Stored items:
++++++++++++++++++++

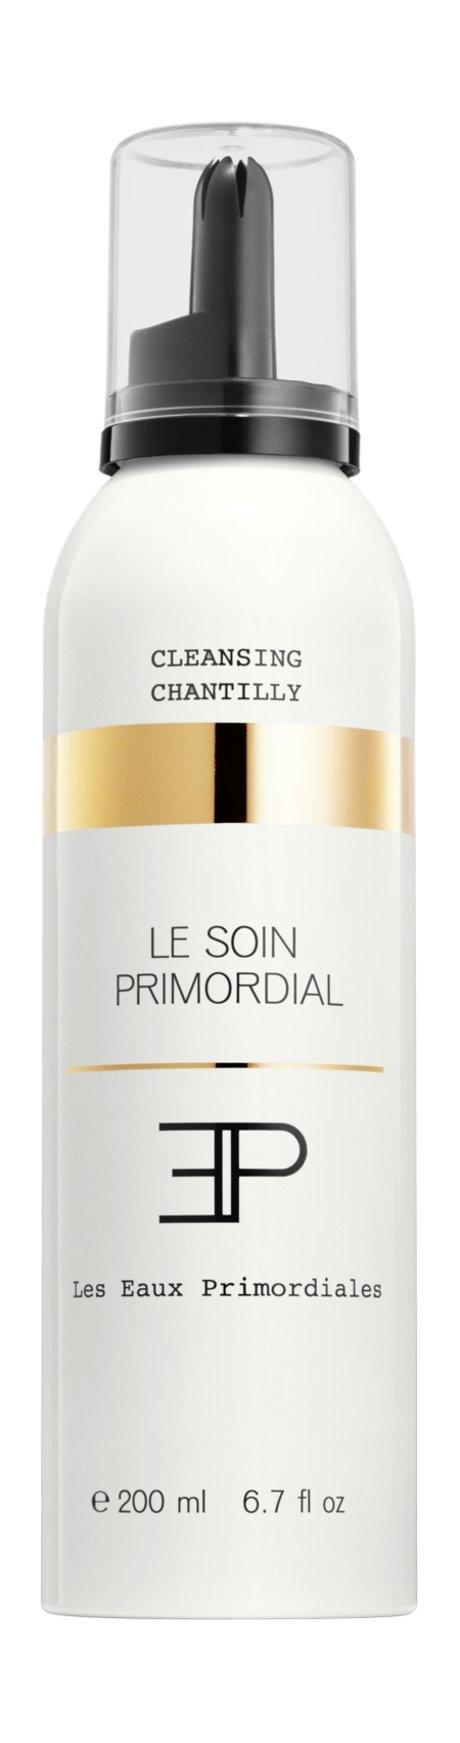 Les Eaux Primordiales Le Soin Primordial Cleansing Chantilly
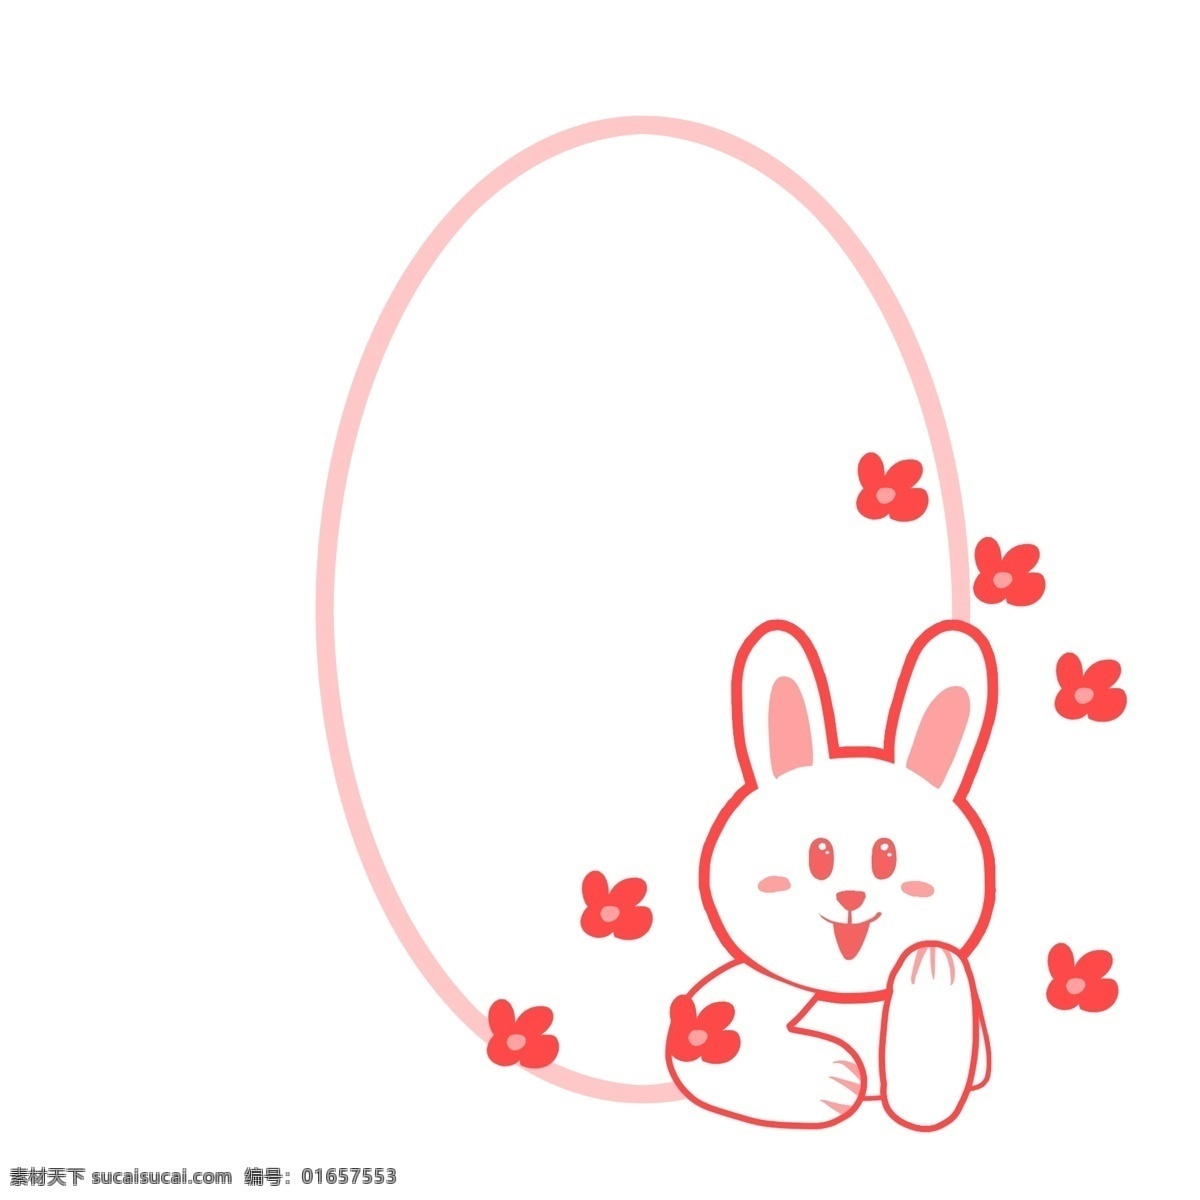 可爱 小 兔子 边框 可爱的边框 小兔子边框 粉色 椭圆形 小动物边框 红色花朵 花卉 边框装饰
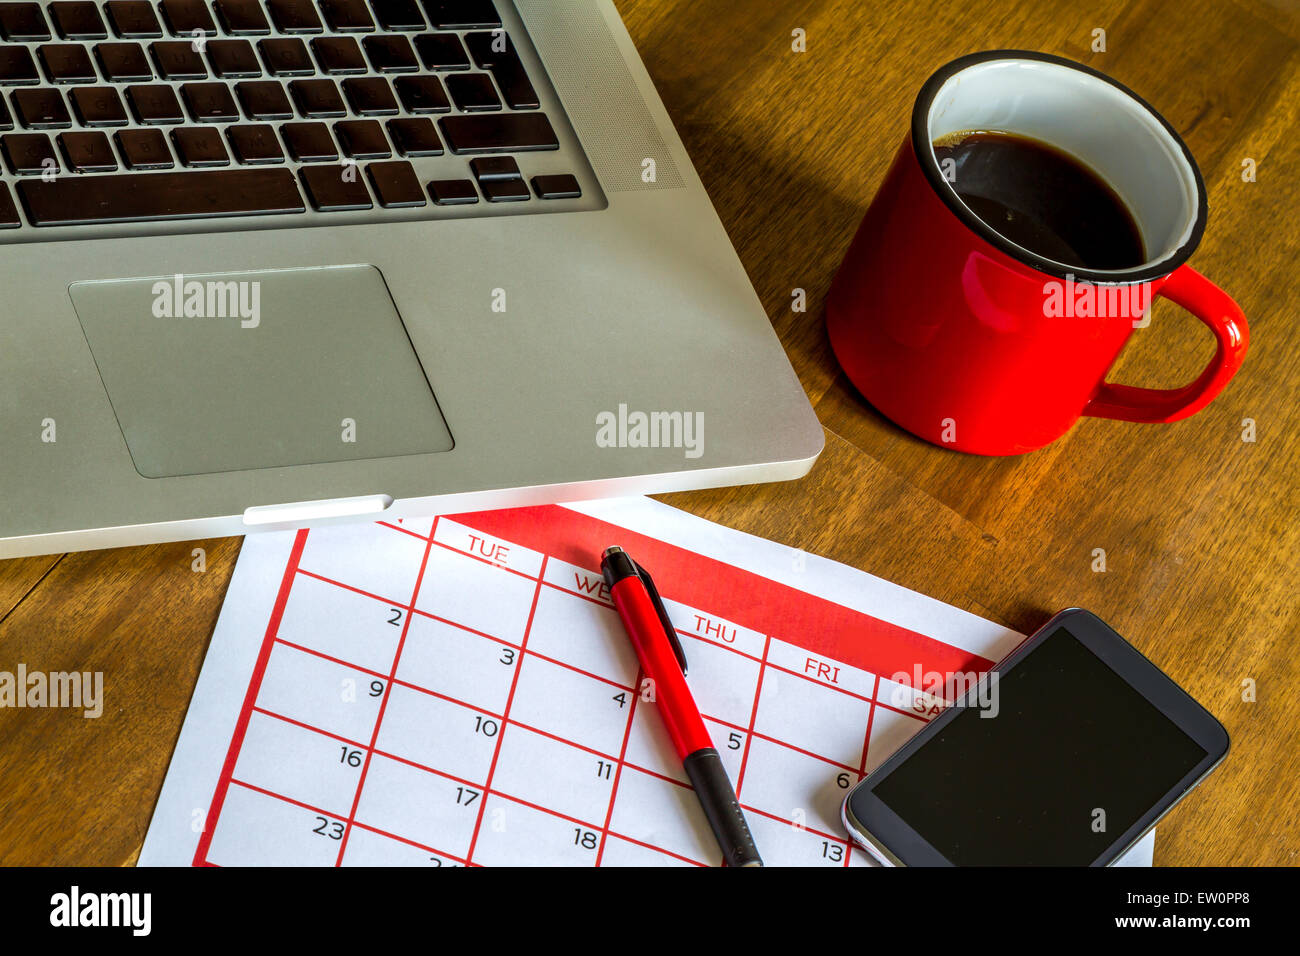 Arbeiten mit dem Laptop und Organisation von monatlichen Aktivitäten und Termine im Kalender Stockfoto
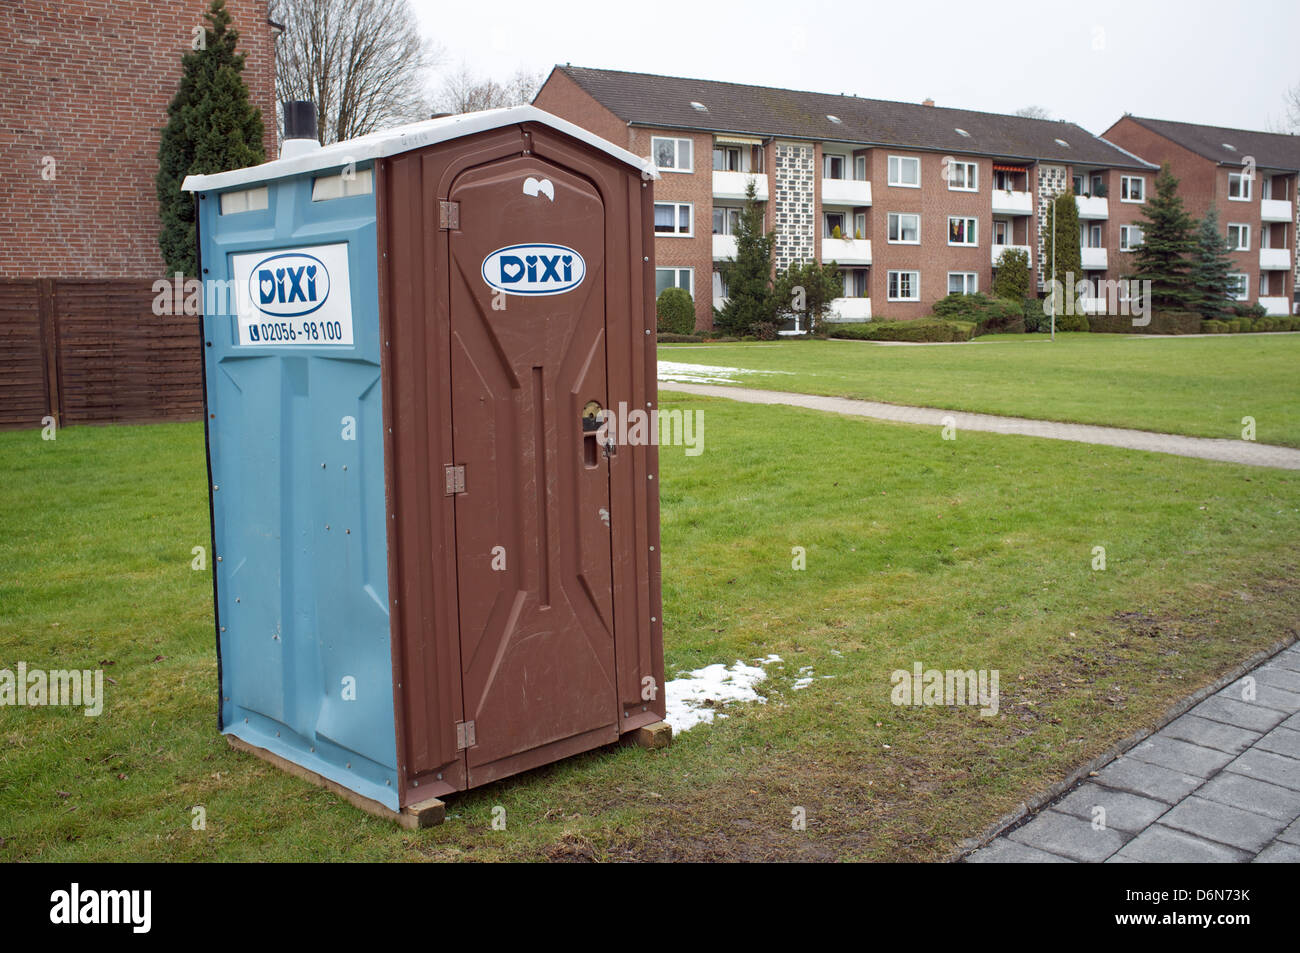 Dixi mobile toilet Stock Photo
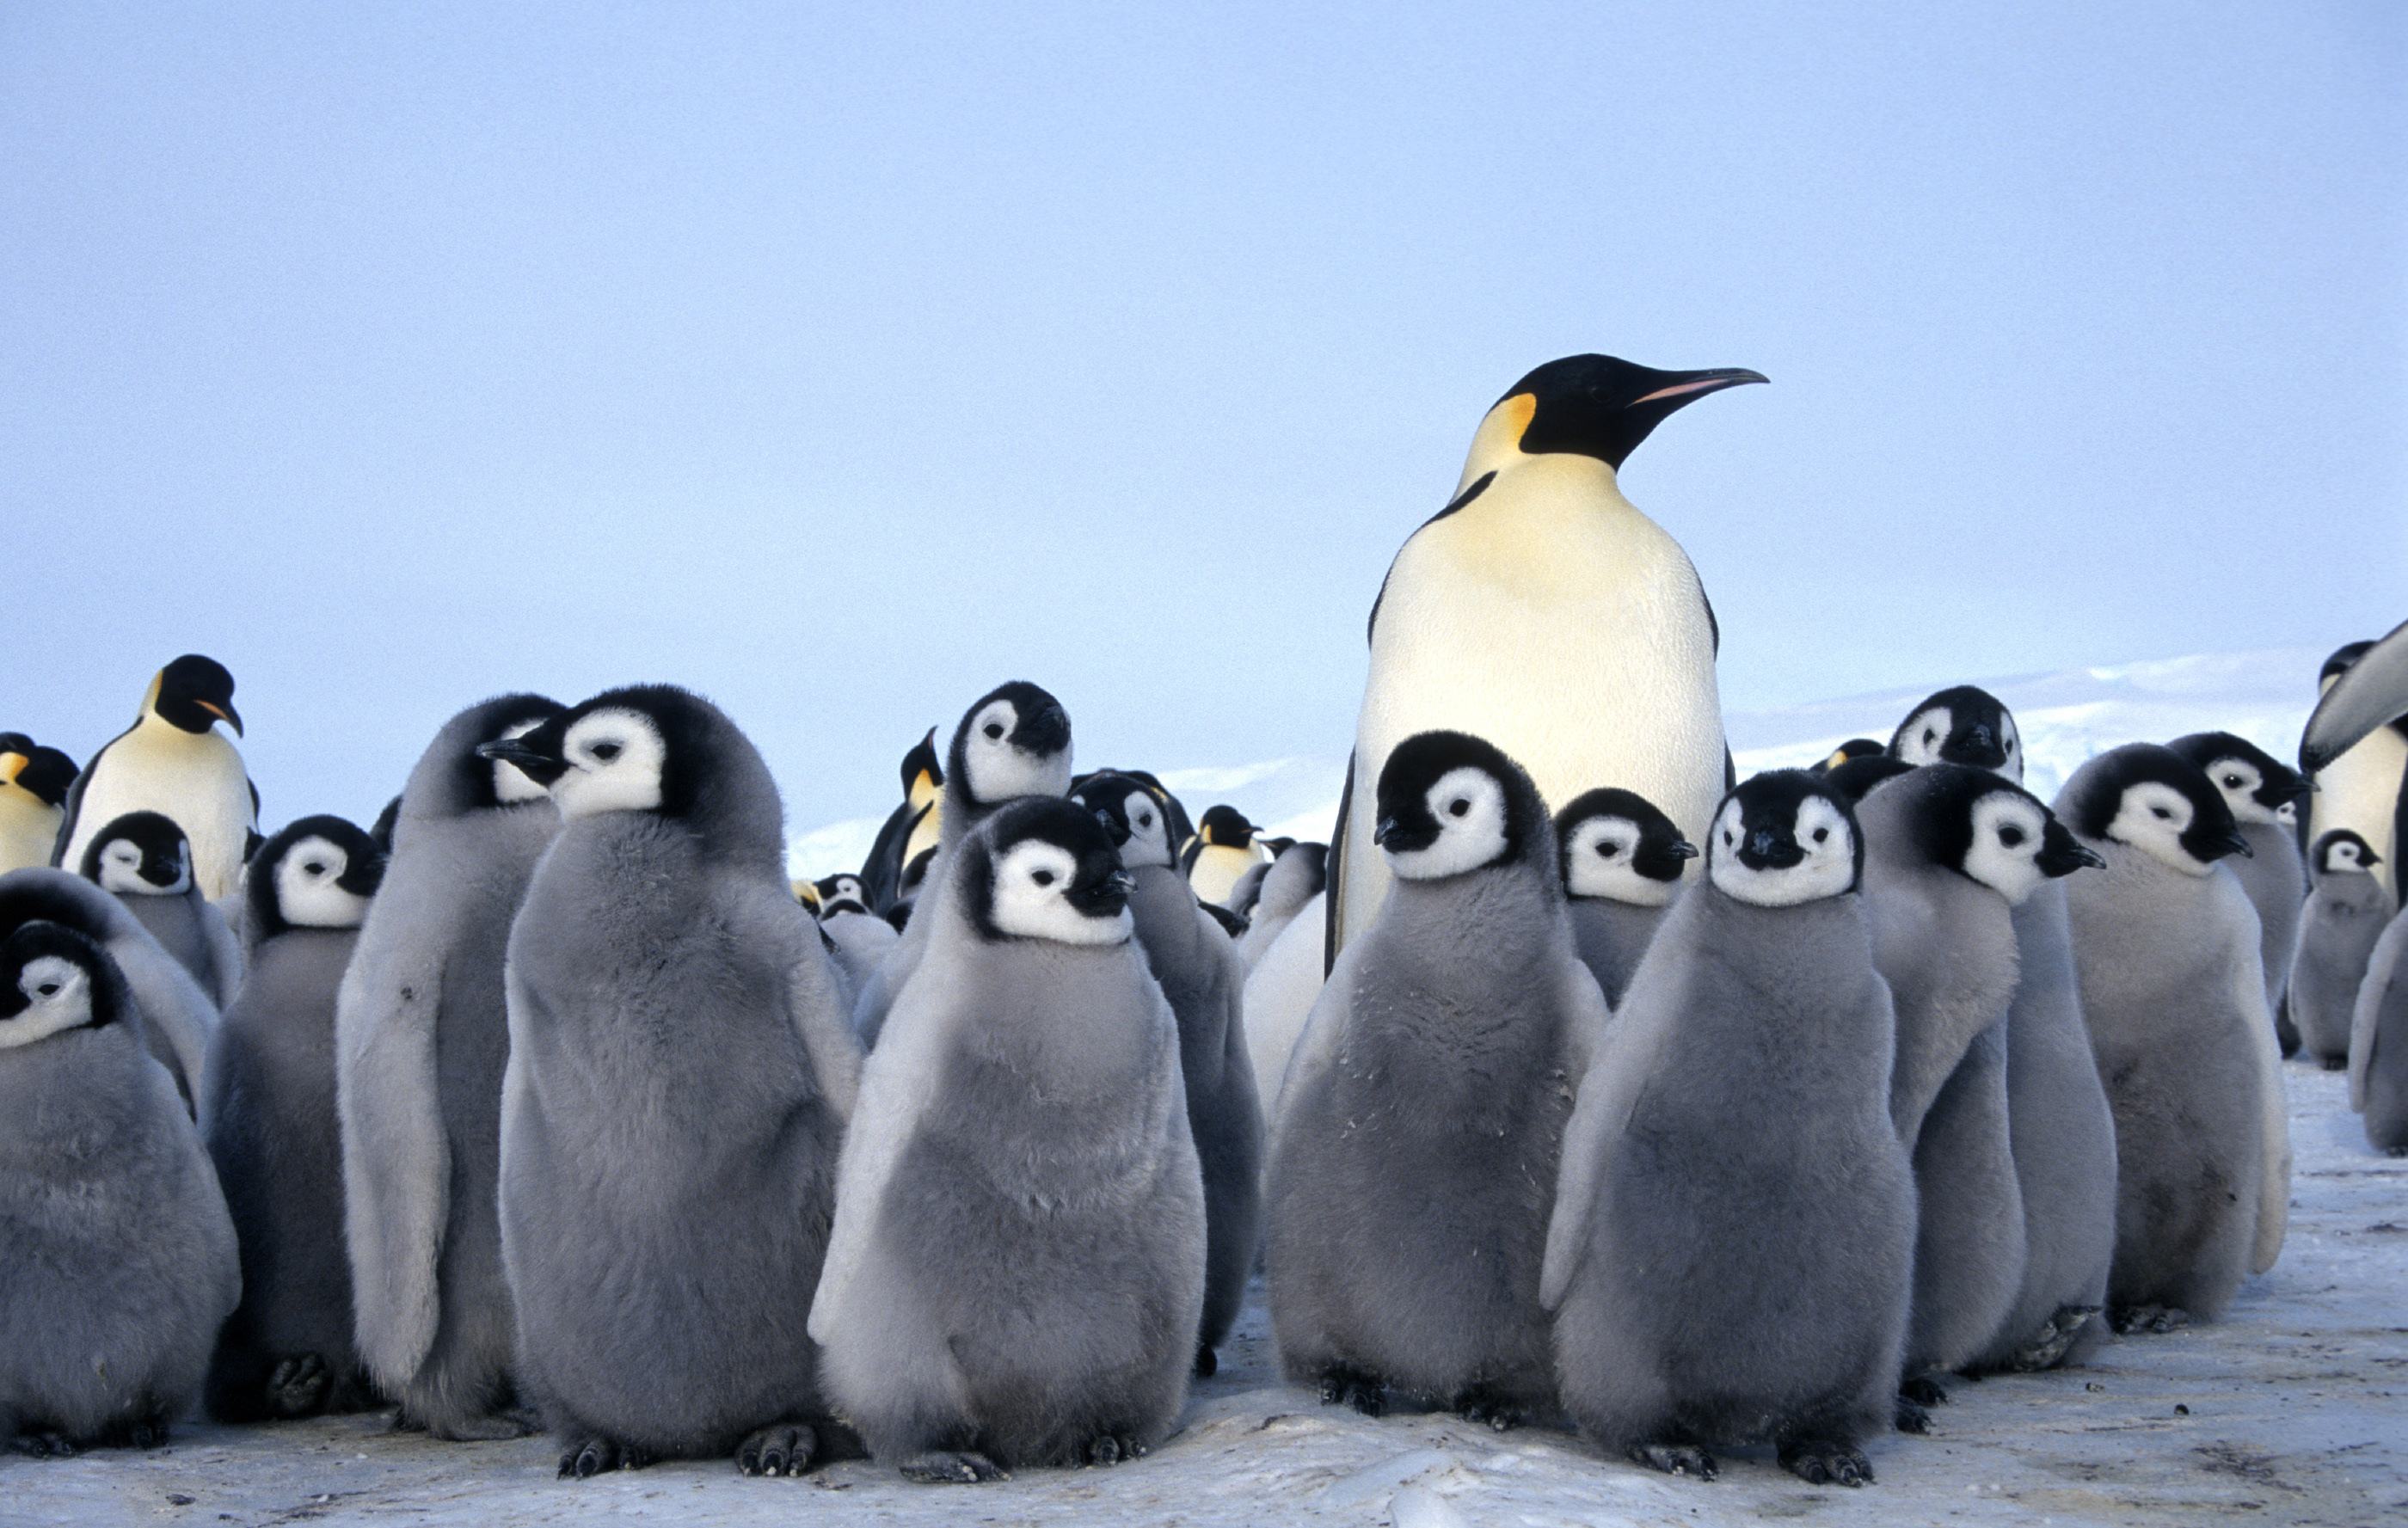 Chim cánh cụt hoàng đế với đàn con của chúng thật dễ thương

++++++++++++++++++++

With the pictures left out, copy exactly the lines from the one containing "Dixi mobile toilet Stock Photo" through the final line of the records above, both included.

 Dixi mobile toilet Stock Photo
 Chim cánh cụt hoàng đế với đàn con của chúng thật dễ thương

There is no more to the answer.